Commentators should have knowledge of the competitors and the boats that are racing. They should be able to explain how one boat beats another to someone who does not sail.
They should have a rapport with each other, or maybe even conflict. They should also make clear the manner in which the event works, making clear what exactly is at stake. The viewers must understand what is going on and it is the job of the commentator to make it clear and engaging to them. The viewers should come to know the commentators as well as the competitors.
Also, sailing must be simplified. Coverage should include some basic theory in presenting the races: why boats tack upwind, how sailors use shifts and pressure changes, the influence of the tide and surrounding land forms.
Stuff that we as sailors take for granted should be gently worked into the race presentation so the person watching feels like they are becoming an expert.

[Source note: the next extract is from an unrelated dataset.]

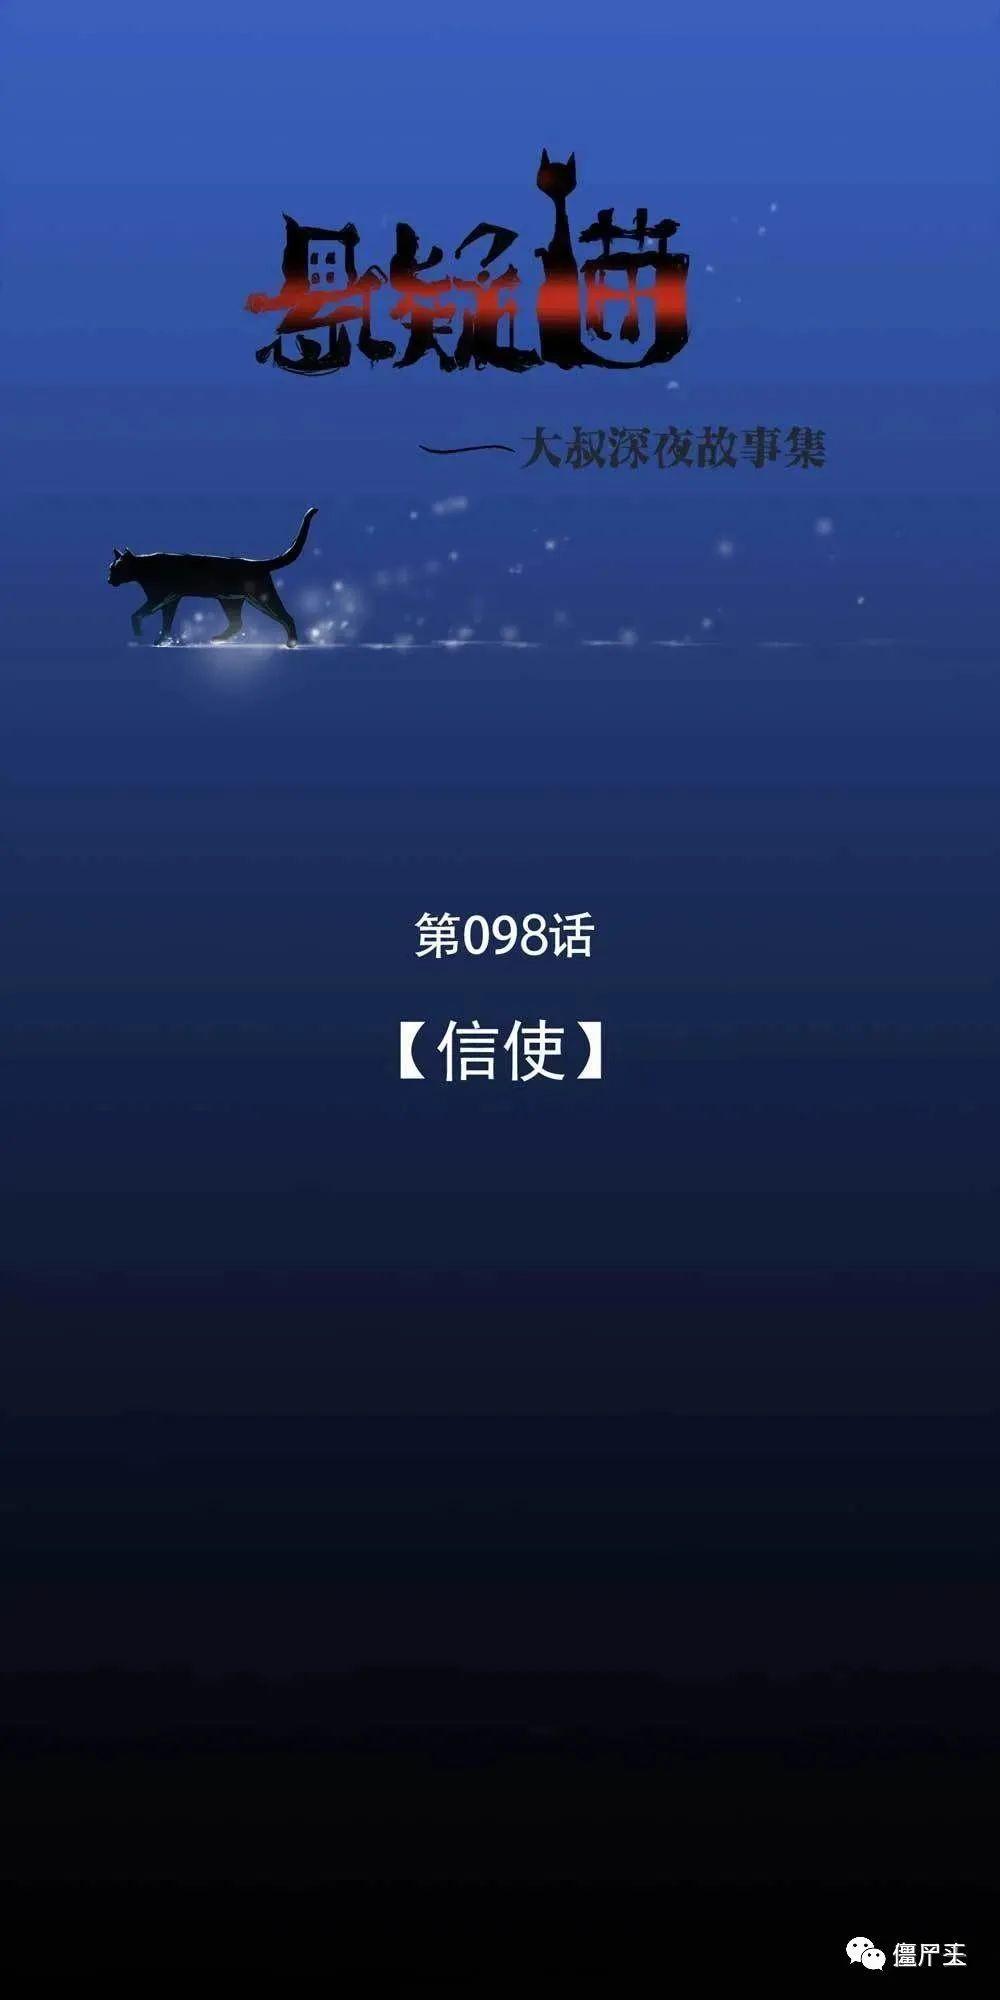 僵尸王漫画:悬疑猫 | 信使

It should also be made more personal. Along with the racing there should be time interviewing the competitors.
The commentators should talk to athletes about themselves, their boats and their racing. The person sitting at home should know who is on what boat, and have a reason other than their nationality for wanting them to win
At the end of the day, the television ratings rest entirely upon a person flicking through what is on, and, after watching the sailing for a few seconds, deciding to stay tuned.
All of the above strategies aim to secure people in this manner, whilst at the same time presenting a form of sailing that we sailors can enjoy watching intentionally. Much of the Commission’s report focuses on changing the nature of the events themselves or engaging with modern technologies for presentation.
They make a valid point that it is not viable to present a 30 minute race when considering how many races there are. The best strategy would be to cut down the races in a way that does not sacrifice the overall coverage of the event as a race, and to make efforts to show races that are going to be the most interesting (for whatever reason). The commentary issue was mentioned in passing in 3.27 of the report, and has been massively underappreciated.
The best way for the ISAF to tackle the problems faced by sailing as an Olympic sport is not to significantly change the classes that are raced in the Olympics, and not even the format of the racing. To make sailing popular it must be presented in a manner that taps into the excitement we feel on the water when we are racing ourselves.
The presentation has to be action packed, and this does not just mean fast boats, it means close and exciting racing that is understandable to the average person at home. Ideally the ISAF should create their own broadcasting team, where they handle the presentation of the sailing themselves to get it right.
If the ISAF does this successfully they will make sailing more popular and in doing so give it a stronger position as an Olympic sport. With time, those people at home who stay switched onto the sailing may come to enjoy watching it and go out of their way to watch the sailing events.
Sailing as a strong Olympic sport would give it greater flexibility, paving the way for the newer forms of sailing and additional classes some people so passionately campaign for.